In March 2020, due to the COVID-19 lockdowns, Tinder temporarily made its Passport feature available for free to all its users worldwide. Previously this feature had been only accessible to users who had purchased a subscription.

In August 2020, Tinder revealed plans for its Tinder Platinum subscription plan, which gives users access to more features for a higher price than gold. The same month, Jim Lanzone took over as CEO.

In September 2020, the Pakistani government announced that it would ban five dating apps, including Tinder, because the apps provided "immoral or indecent content" that does not comply with Pakistani law.

Also in September 2020, Tinder relaunched Swipe Night, an interactive series where users make decisions following a storyline.
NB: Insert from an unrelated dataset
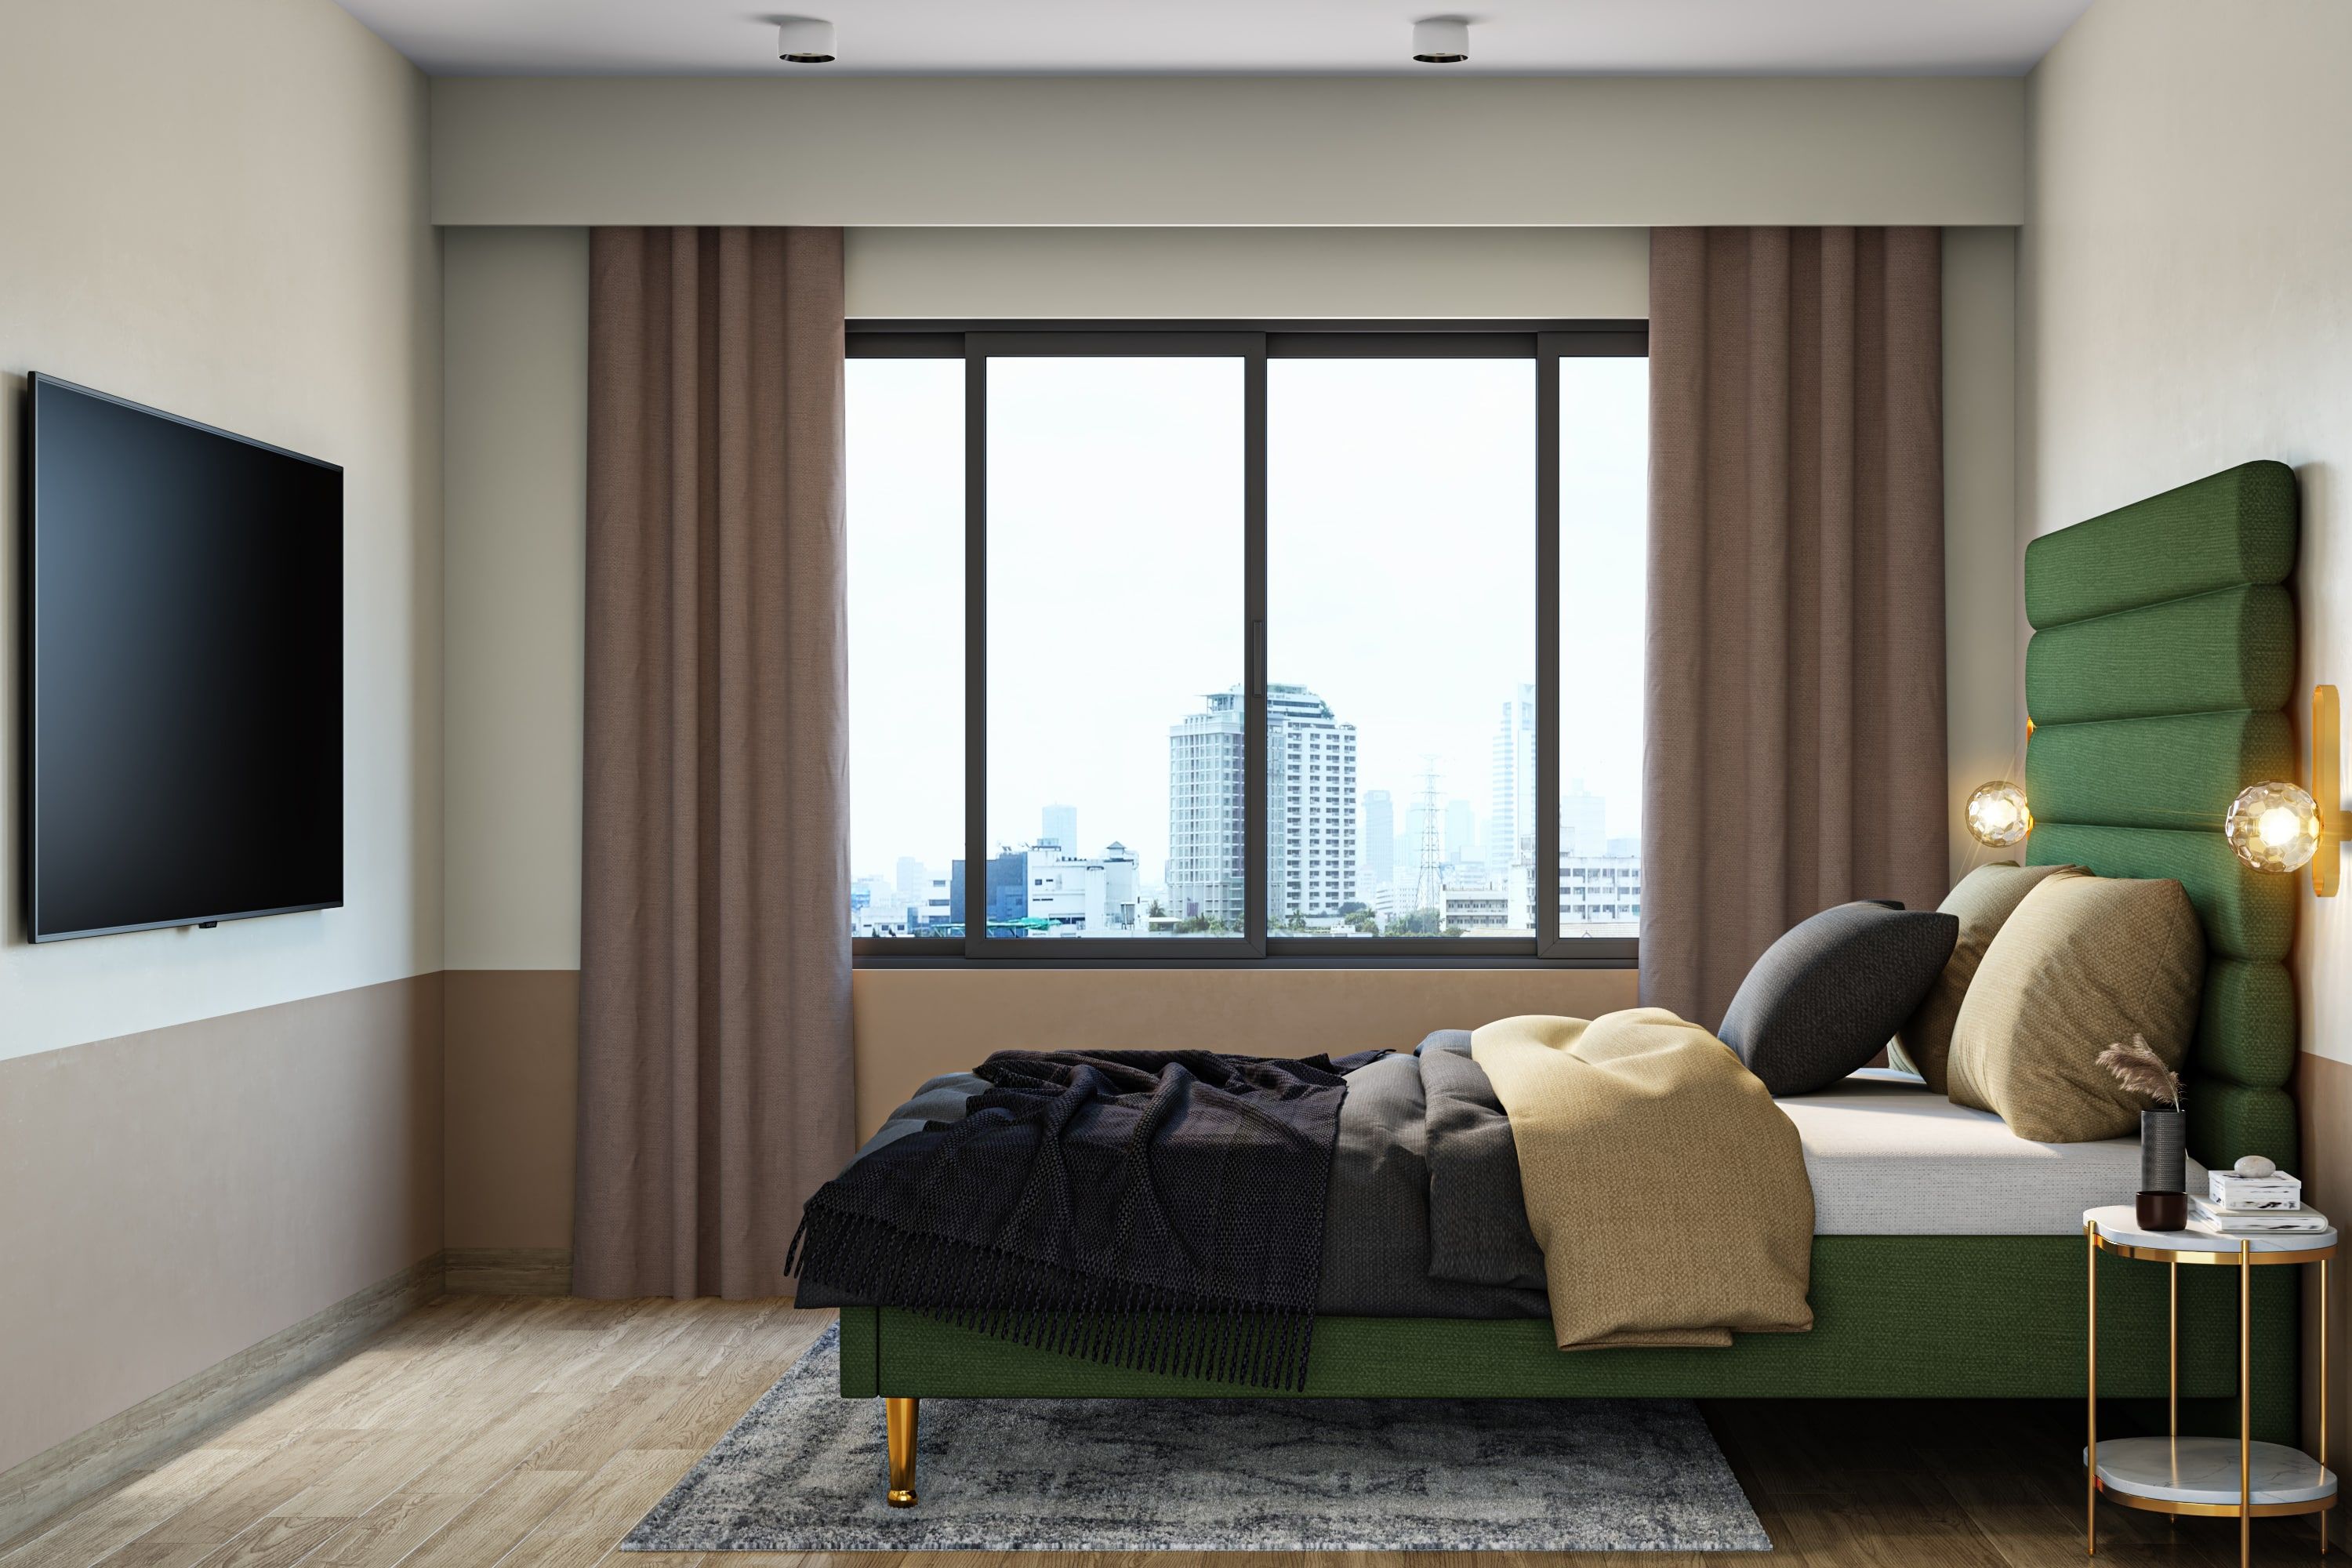 Contemporary Bedroom Design With A Green Double Size Bed

Swipe Night had previously been launched in October 2019. It was slated to be launched internationally in March 2020, but it was postponed until September due to the COVID-19 pandemic.

In December 2020, Tinder announced a partnership with Megan Thee Stallion for the Put Yourself Out There Challenge, giving $10,000 to users who made unique profiles.

===2021-present===
In February 2021, Tinder launched mobile accessories under the brand name Tinder Made.

In March 2021, Tinder gave away COVID-19 testing kits to some matches as COVID-19 lockdowns ended.

In March 2021, Tinder partnered with and invested $1.5 million in Garbo, a nonprofit background check company, to add a feature enabling users to run background checks on their matches to determine criminal records. The move was controversial due to alleged errors and alleged racial discrimination in the criminal justice system. Tinder ended its partnership with Garbo in 2023.

In June 2021, Tinder added an online speed dating game.

In August 2021, Tinder began requiring use of an identity verification service to mitigate catfishing on the platform.

In September 2021, Lanzone resigned as chief executive to pursue a new role at Yahoo. Tinder named Renate Nyborg its new CEO, its first female CEO.

In December 2021, Tinder began working on a metaverse called Tinderverse, a shared virtual reality and Tinder Coins, an in-app currency users can earn as a reward for good behavior, allowing them to pay for the platform's premium services.

In July 2022, Tinder announced a partnership with the campaign group No More in an attempt to protect its users against domestic violence, especially women, who are more vulnerable, to educate users about safe dating.

In May 2023, Tinder ended operations in Russia in response to the 2022 Russian invasion of Ukraine.

In 2023, Tinder introduced Tinder Matchmaker, which allows a user's friends and family to access their Tinder account and suggest potential partners. According to Tinder, the addition of a feature that allows friends to select compatible matches makes online dating safer.

In November 2023, Tinder added profile prompts and basic info tags, similar to Bumble and Hinge.

In January 2024, Match Group named Faye Iosotaluno as chief executive officer of Tinder.

In February 2024, Tinder ceased operations in Belarus. Belarusian security forces had used Tinder to identify people who attended protests against president Alexander Lukashenko.

In April 2024, Tinder added a "Share My Date" safety feature, which allows users to share information about their date, including location, date, time, and a photo of their match, to friends and family.

In May 2025, Tinder developers added a paid option to filter users by person's height.

In June 2025, Tinder added a feature to help find double dates with friends.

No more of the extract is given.